After missing Gent-Wevelgem through illness at the weekend, Ian Stannard (Team Sky) returned to competitive duty at the Three Days of De Panne on Tuesday as he continues his preparation for the Tour of Flanders and Paris-Roubaix.
Stannard, buoyed by his third place in E3 Harelbeke on Friday, travelled with Team Sky to Deinze for the start of Gent-Wevelgem, but eventually opted not to start due to the onset of a cold.
"It was more of a precaution, really," Stannard told Cyclingnews in De Panne on Tuesday. "It was a cold day and there was going to be hard racing. I felt it coming on, and if I'd raced there I probably won't be racing here. It was a precaution, but it was a tough decision to miss it."
Stannard came home three minutes down on Tuesday's opening stage of the Three Days of De Panne as he felt his way back into action. He will be expected to assume the mantle of leadership for Sky at Paris-Roubaix – "It's more the one that suits me, I guess" – and he will likely set out from Bruges on Sunday in a supporting role at the Tour of Flanders, where E3 Harelbeke winner Michal Kwiatkowski and Paris-Nice winner Geraint Thomas will top the bill for the British team.
"Kwiatkowski showed the other day what he can do on these climbs, which is awesome and gives us more strength. Geraint is coming in too and he really wants to go for Flanders, so we're going to have a good strong team to support those guys," he said. "Luke [Rowe] was up there on Sunday as well, so that bodes well for this weekend."

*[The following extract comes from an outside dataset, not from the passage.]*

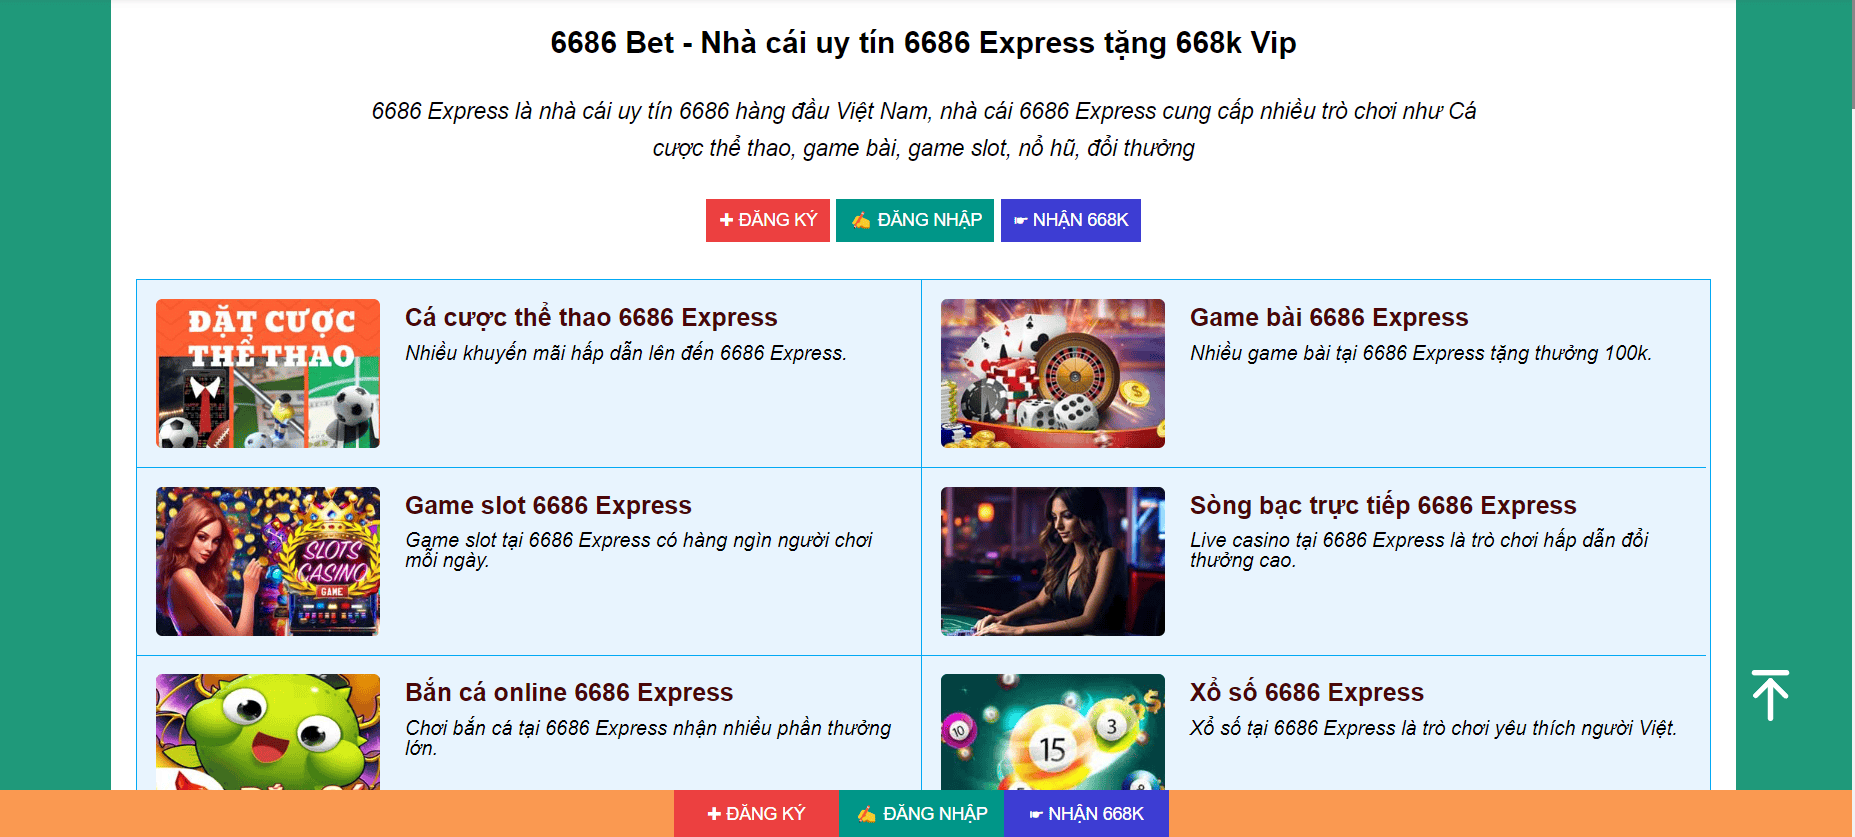 Tham gia cá cược online, lựa chọn ngay nhà cái 6686 Express.
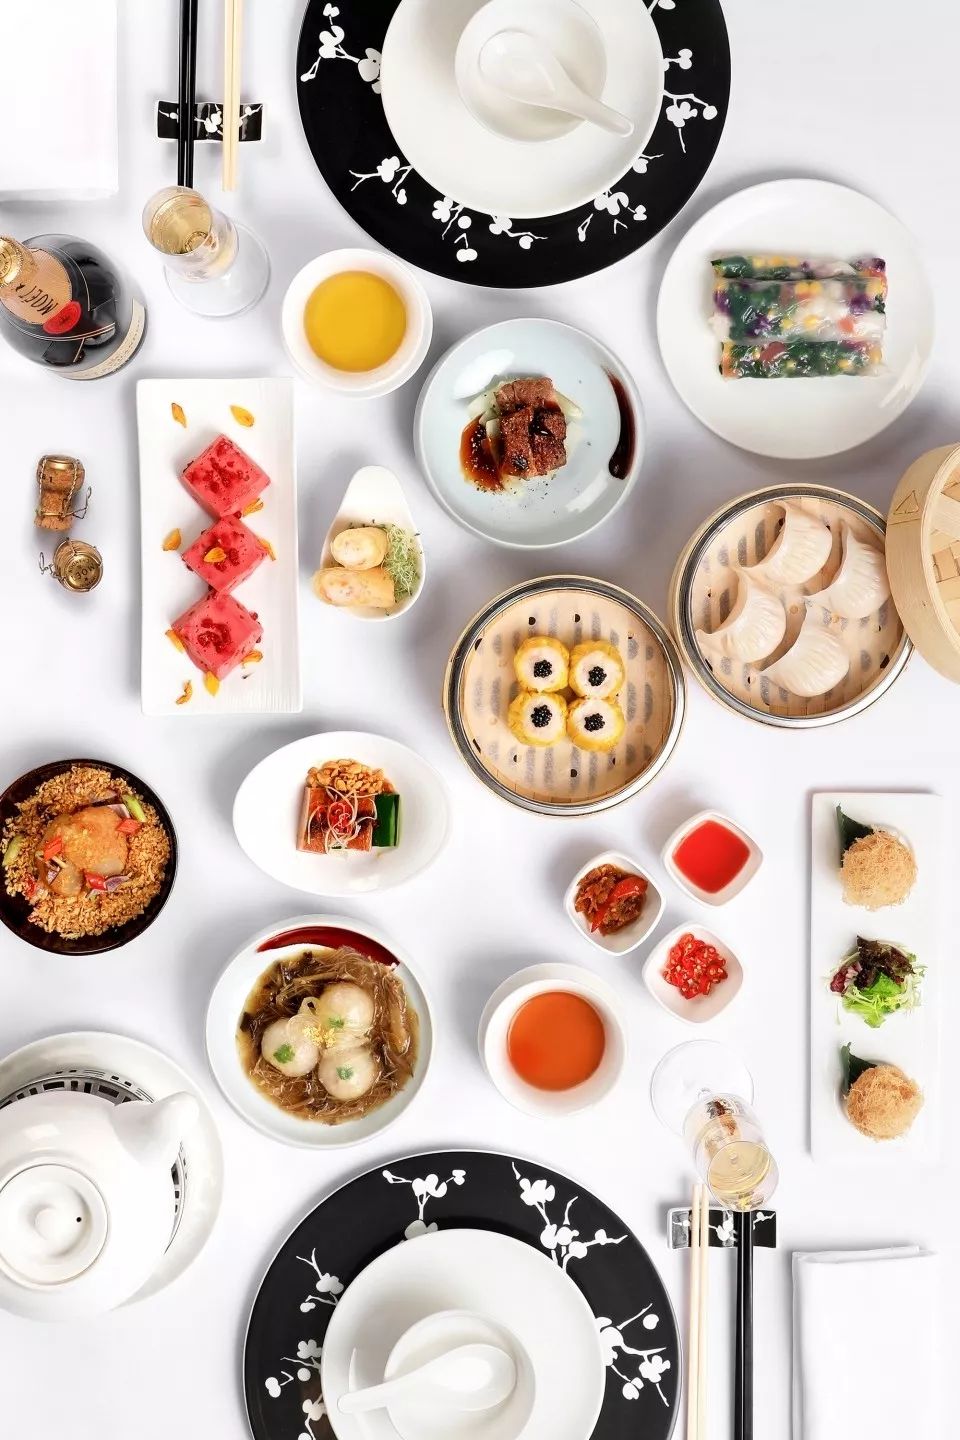 米其林说这是广州最好吃的 11 家餐厅,广州人同意吗

In years past, Team Sky's Classics unit was often criticised for failing to add up the sum of its parts, with its low key showings on the first two Sundays in April placed in sharp contrast with the team's remarkable run of stage racing success.
The perception has shifted gradually over the past two seasons, not least thanks to Stannard's own back-to-back victories at Omloop Het Nieuwsblad and Thomas' E3 Harelbeke triumph of a year ago. Success in a Monument has remained elusive but there have been marked signs of improvement from the nadir of 2012 or 2013.
"We're all grown up and we're maturing. We've been learning the races a bit more every year and just slowly improving," Stannard said. "I guess every year you approach it slightly differently, too. You see what works and what doesn't work and you keep refining it every year. That's starting to come to fruition a little bit and now we're performing."
Sky's collective strength in Belgium to date contrasts with the troubled Spring that Etixx-QuickStep has endured on the cobbles thus far. But as Stannard and Team Sky well know, the success or failure of a Classics campaign is determined by how the team fares at the Tour of Flanders and Paris-Roubaix.
"They haven't been up there and they've said it in the press. But I'd expect them to come out in the next two weeks and put up a big fight," Stannard said. "They're are the ones that count. If they win one of those ones, the rest of it doesn't matter, does it?"